◆ **Dataset extract**:
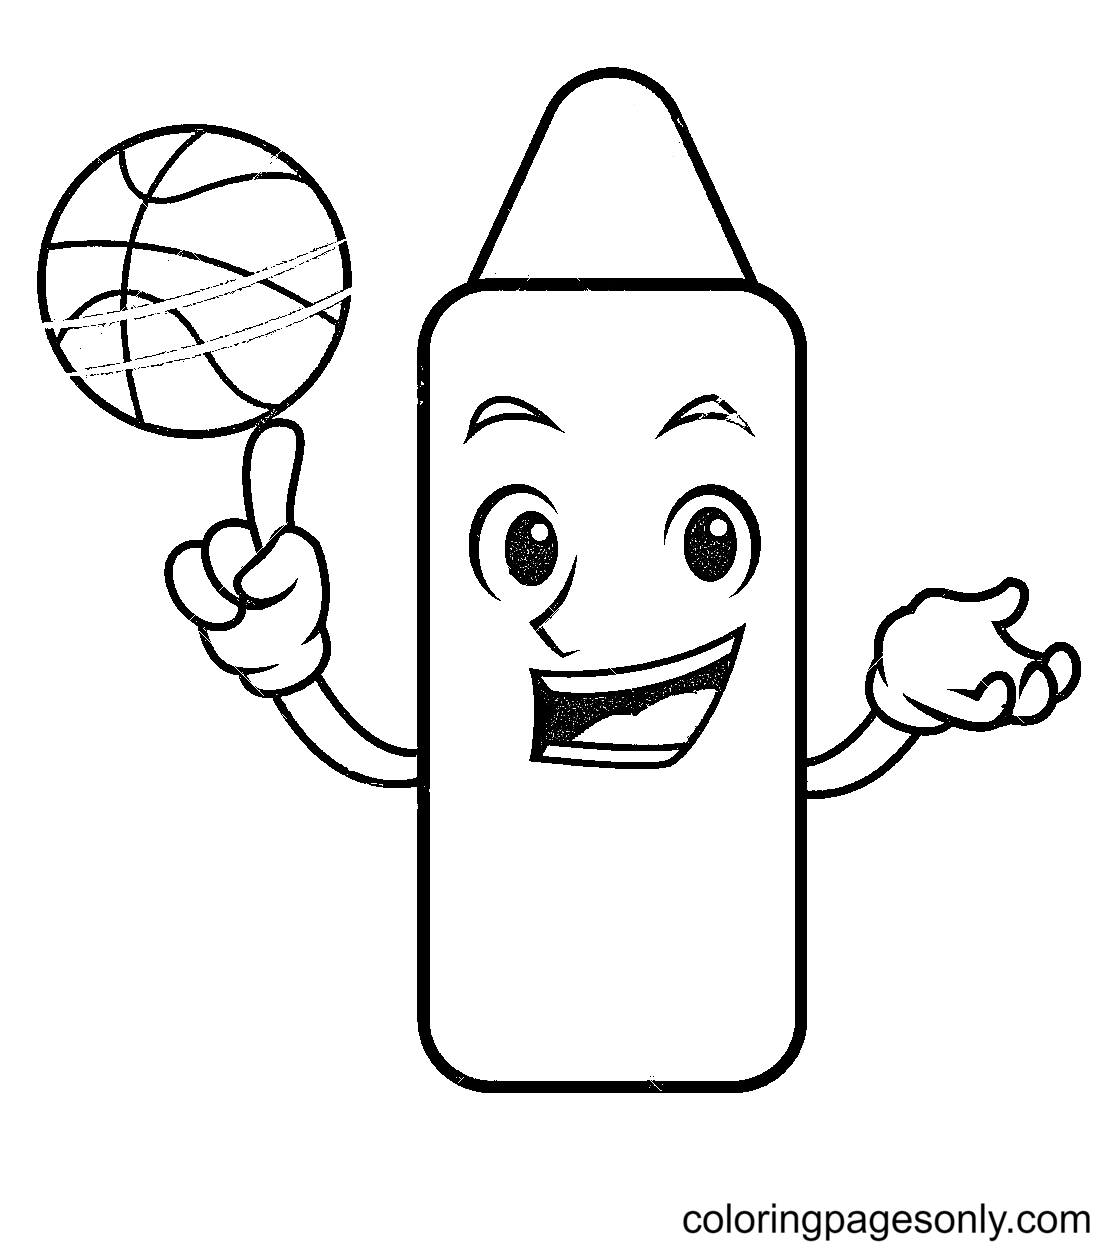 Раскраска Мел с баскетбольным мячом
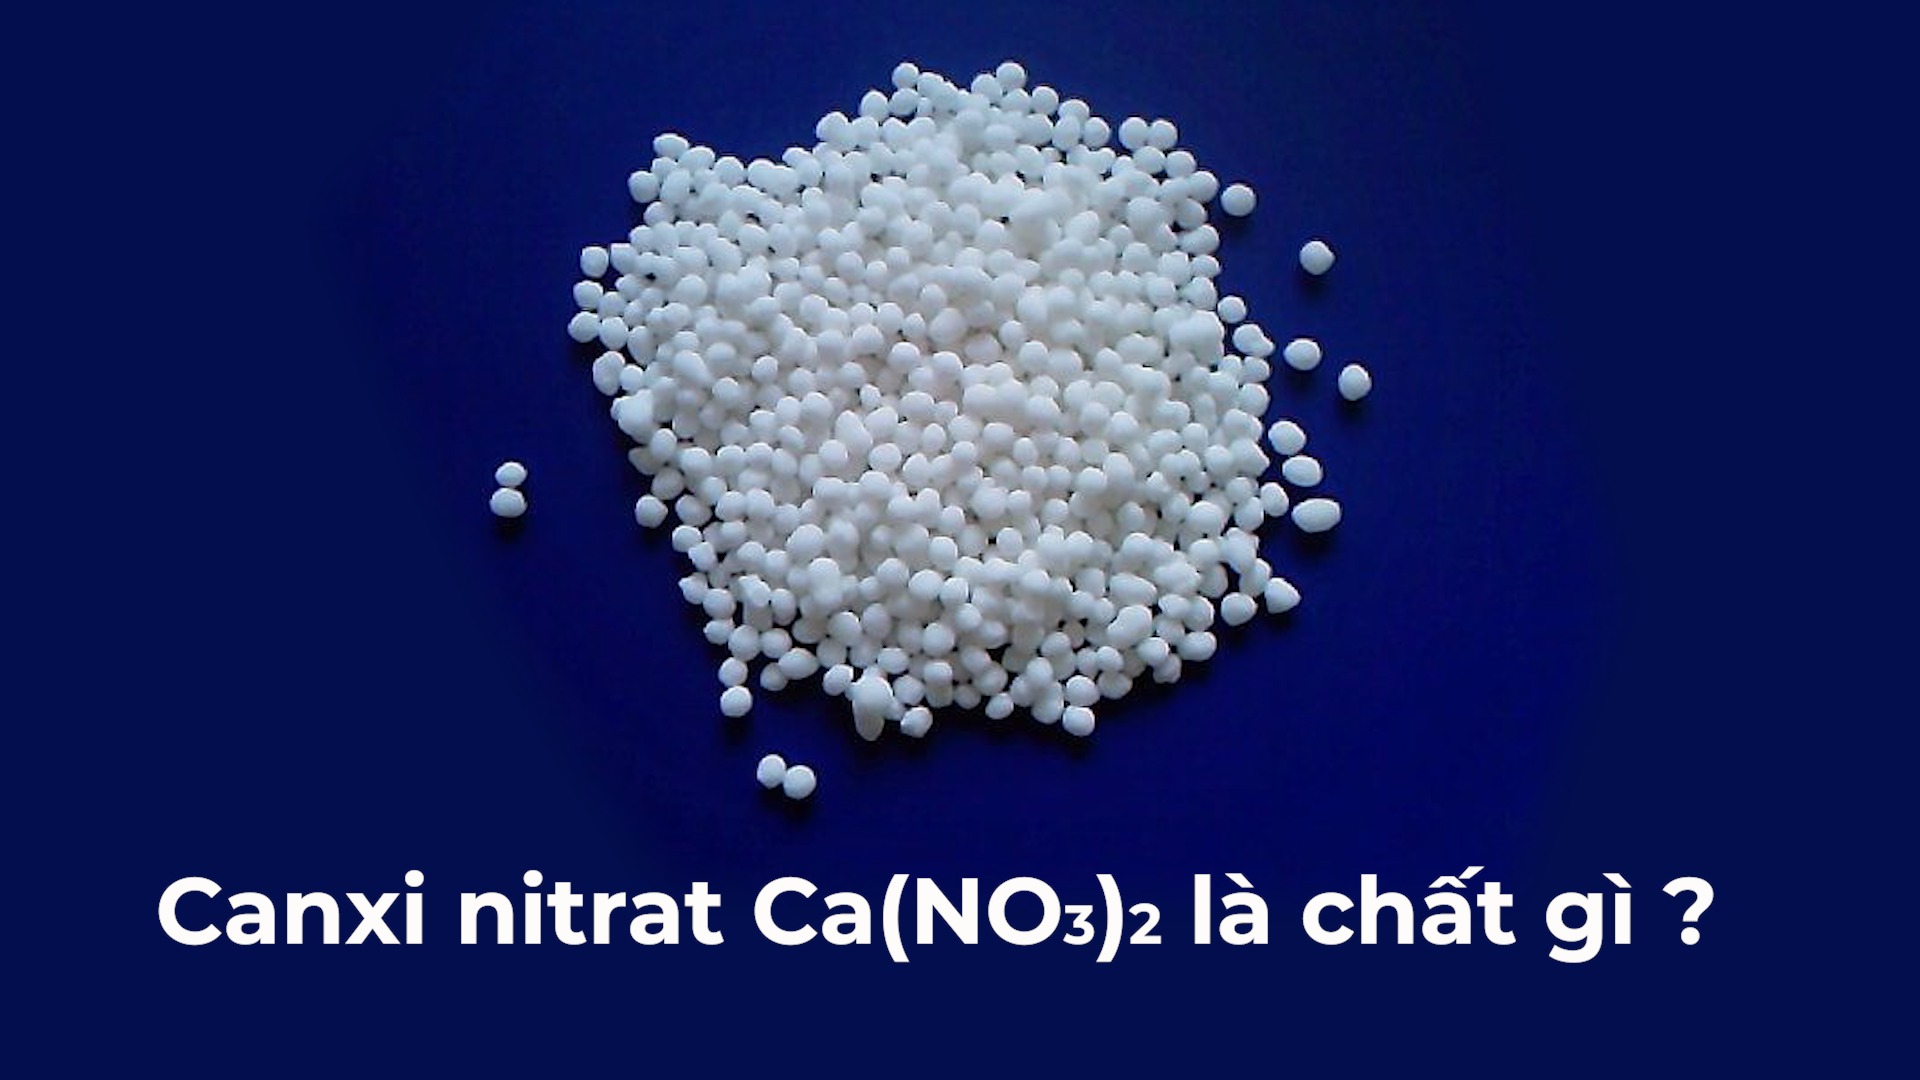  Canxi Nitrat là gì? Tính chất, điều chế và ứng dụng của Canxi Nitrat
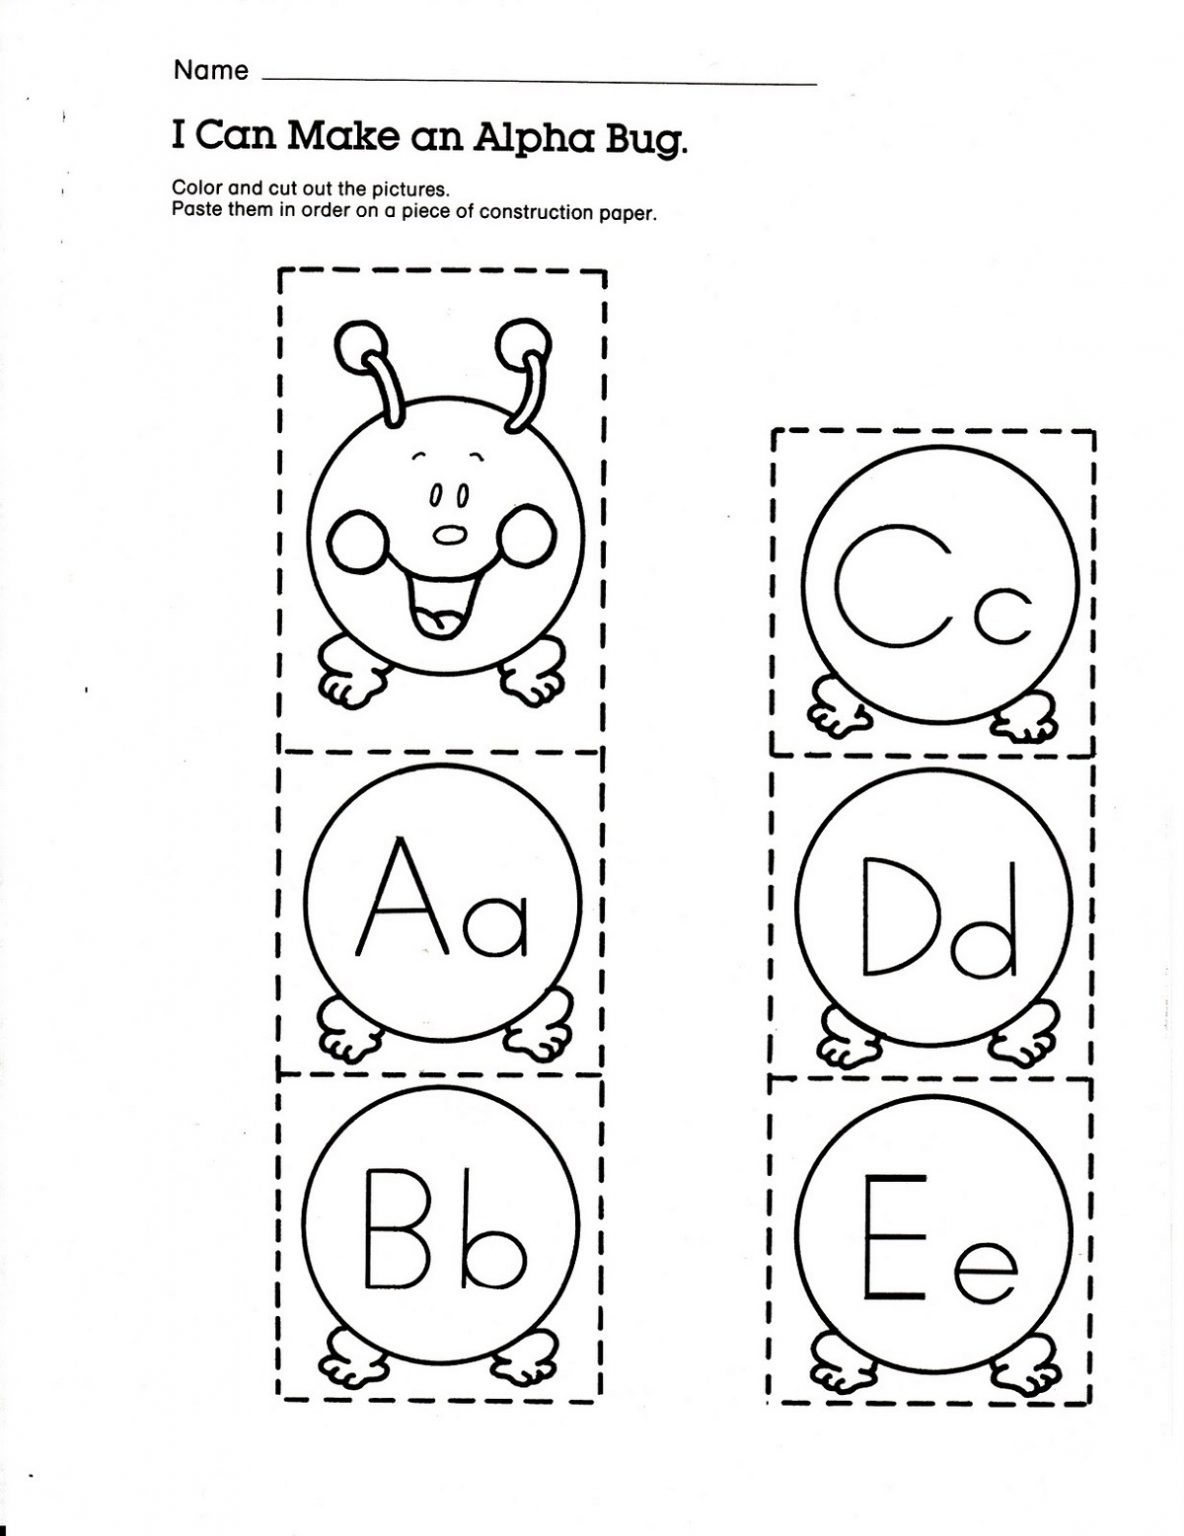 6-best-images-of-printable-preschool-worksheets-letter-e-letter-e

◆ **Task requirements**: In the listing above, transcribe exactly the lines from the line containing "Canxi Nitrat là" through the last one, both included, but not the pictures.

◆ **Your response**:
  Canxi Nitrat là gì? Tính chất, điều chế và ứng dụng của Canxi Nitrat
 6-best-images-of-printable-preschool-worksheets-letter-e-letter-e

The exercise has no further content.